Kinder Morgan completed construction in late 2008 on the Anchor Loop project, its Transmountain Pipeline expansion, which runs across Jasper National Park and Mount Robson Provincial Park. The addition of the Anchor Loop increased the capacity of the Trans Mountain pipeline system from 260,000 bbl/d to 300,000 bbl/d, and helped to alleviate capacity constraints on Kinder Morgan’s existing system resulting from increased oil sands production.
Essentially all of the bitumen extracted from the oil sands must be upgraded; oil sands operators must therefore decide whether or not to do field upgrading. Upgrading transforms bitumen into synthetic crude oil, which commands a higher price when sold to refineries. Upgrading requires substantial capital and technological resources. The process enables producers to eliminate risks arising from the heavy oil/light oil price differential and further eliminates diluent cost risk and supply issues. Ultimately, the question for producers is whether the promise of higher, more stable netbacks (that generally result from an upgraded product) will offset the substantial capital costs.
The location of upgrader facilities has been influenced by economies of scale and cost factors such as shortages of skilled labour.

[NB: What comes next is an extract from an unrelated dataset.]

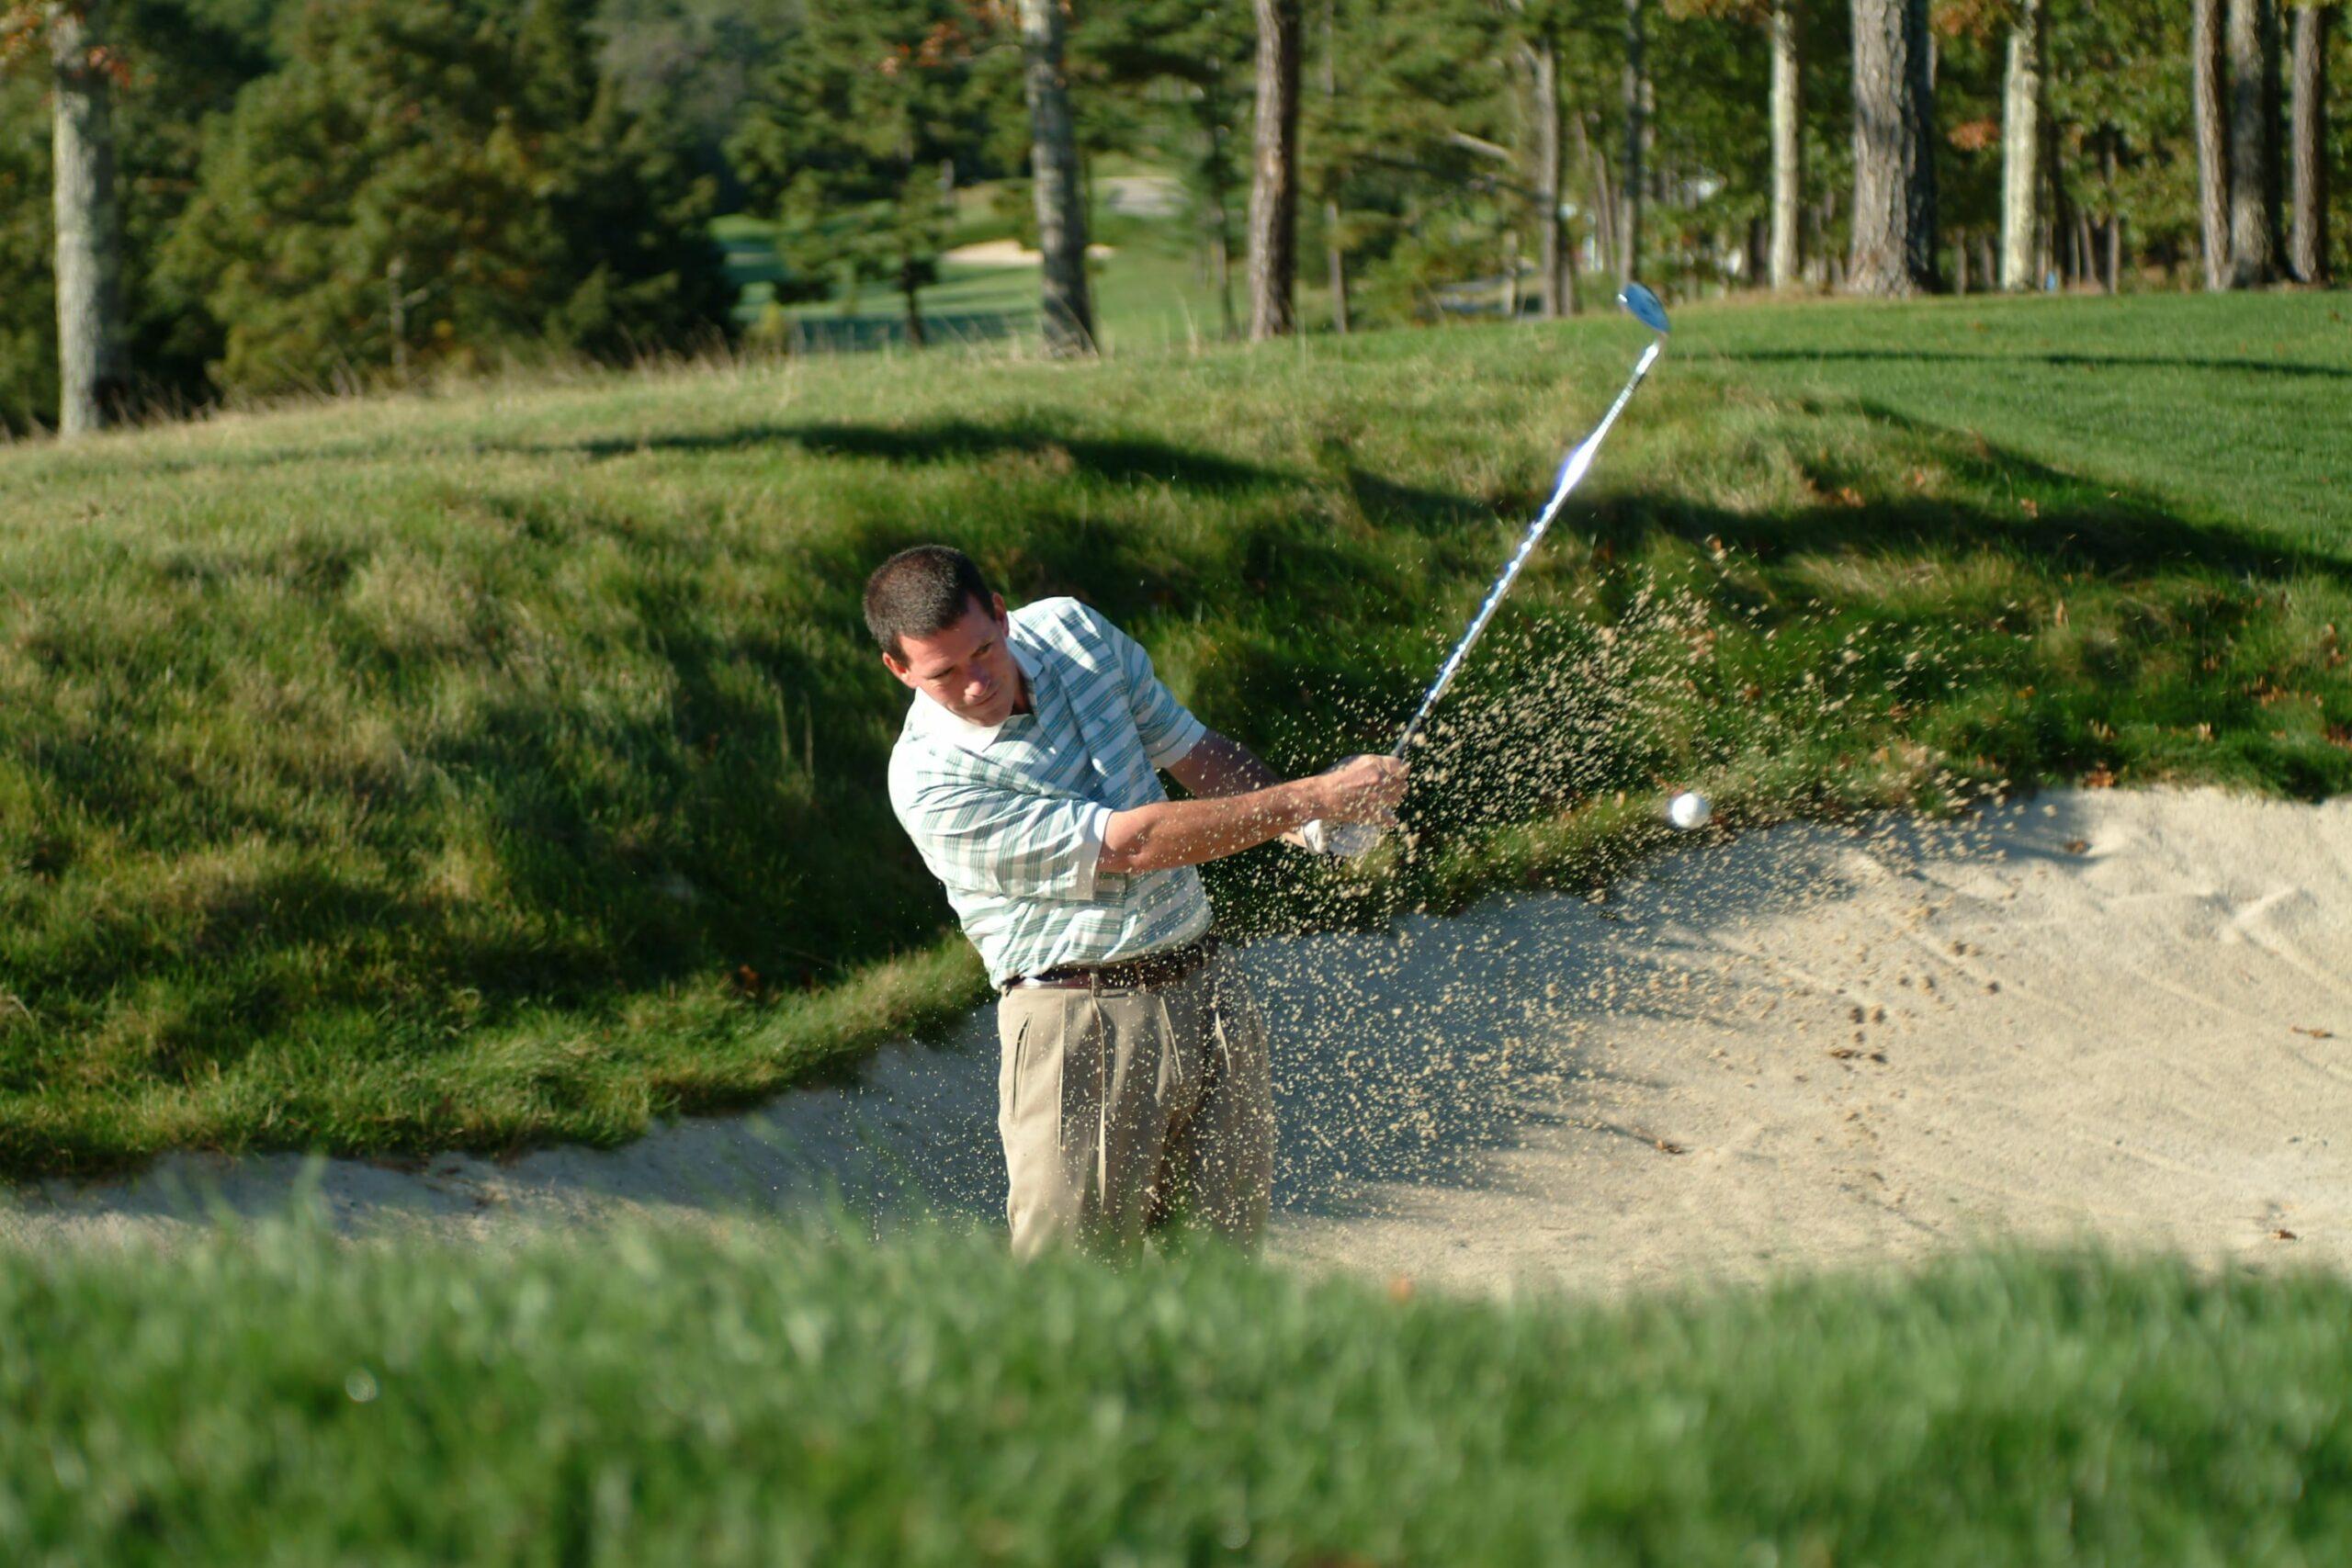 Jim Campbell sand trap action shot

Integrated oil sands operators have chosen to locate, expand existing and convert existing upgraders in the U.S. where larger facilities provide cost advantages over Canadian greenfield or expansion projects.

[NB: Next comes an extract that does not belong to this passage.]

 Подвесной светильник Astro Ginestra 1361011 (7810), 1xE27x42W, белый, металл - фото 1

In October 2006, Encana and ConocoPhillips entered into a US$15-billion joint venture that includes Encana’s heavy oil projects in the North Athabasca region, along with ConocoPhillips refineries in the states of Illinois and Texas. The partnership plans to expand processing capacity at these facilities from approximately 60,000 bbl/d to 550,000 bbl/d by 2015. Husky Energy and BP have entered into a similar arrangement in their Sunrise project, where Husky transferred 50 percent of its oil sands holdings for 50 percent of BP’s refinery near Toledo, Ohio. Husky acquired the Lima refinery in Ohio and plans to reconfigure and expand it to process heavy crude oil and bitumen.

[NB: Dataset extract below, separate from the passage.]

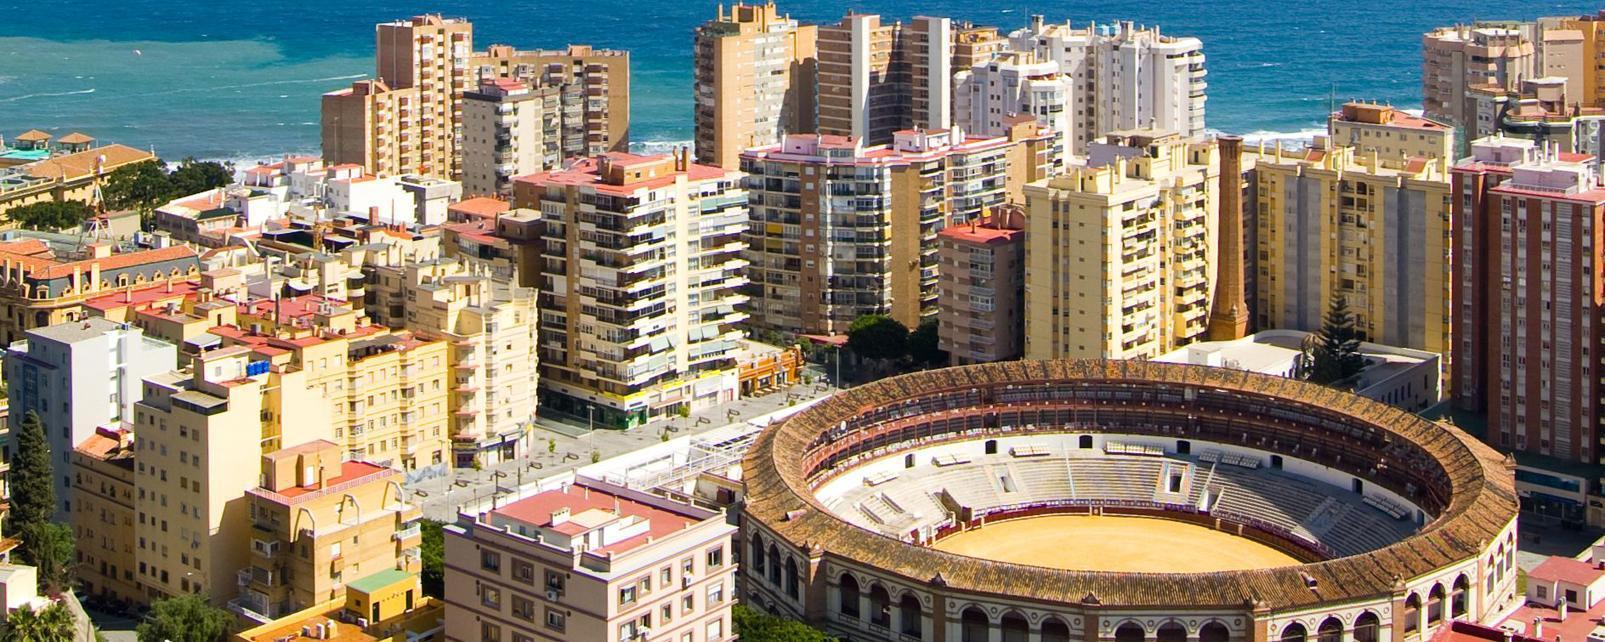 Espagne Malaga Hotel

The possible regulatory and environmental impediments to the addition of oil sands upgrading/refining capacity in the U.S. have yet to be adequately assessed, but in Alberta they are better known and quantifiable. The issues companies confront in acquiring U.S. upgrading/refining capacity may ultimately prove more disruptive to project timelines than the constraints faced in Alberta projects. In addition, there is a significant governmental push to encourage producers to upgrade in Alberta. Currently, there are five upgraders in Alberta with a capacity of almost 900,000 bbl/d.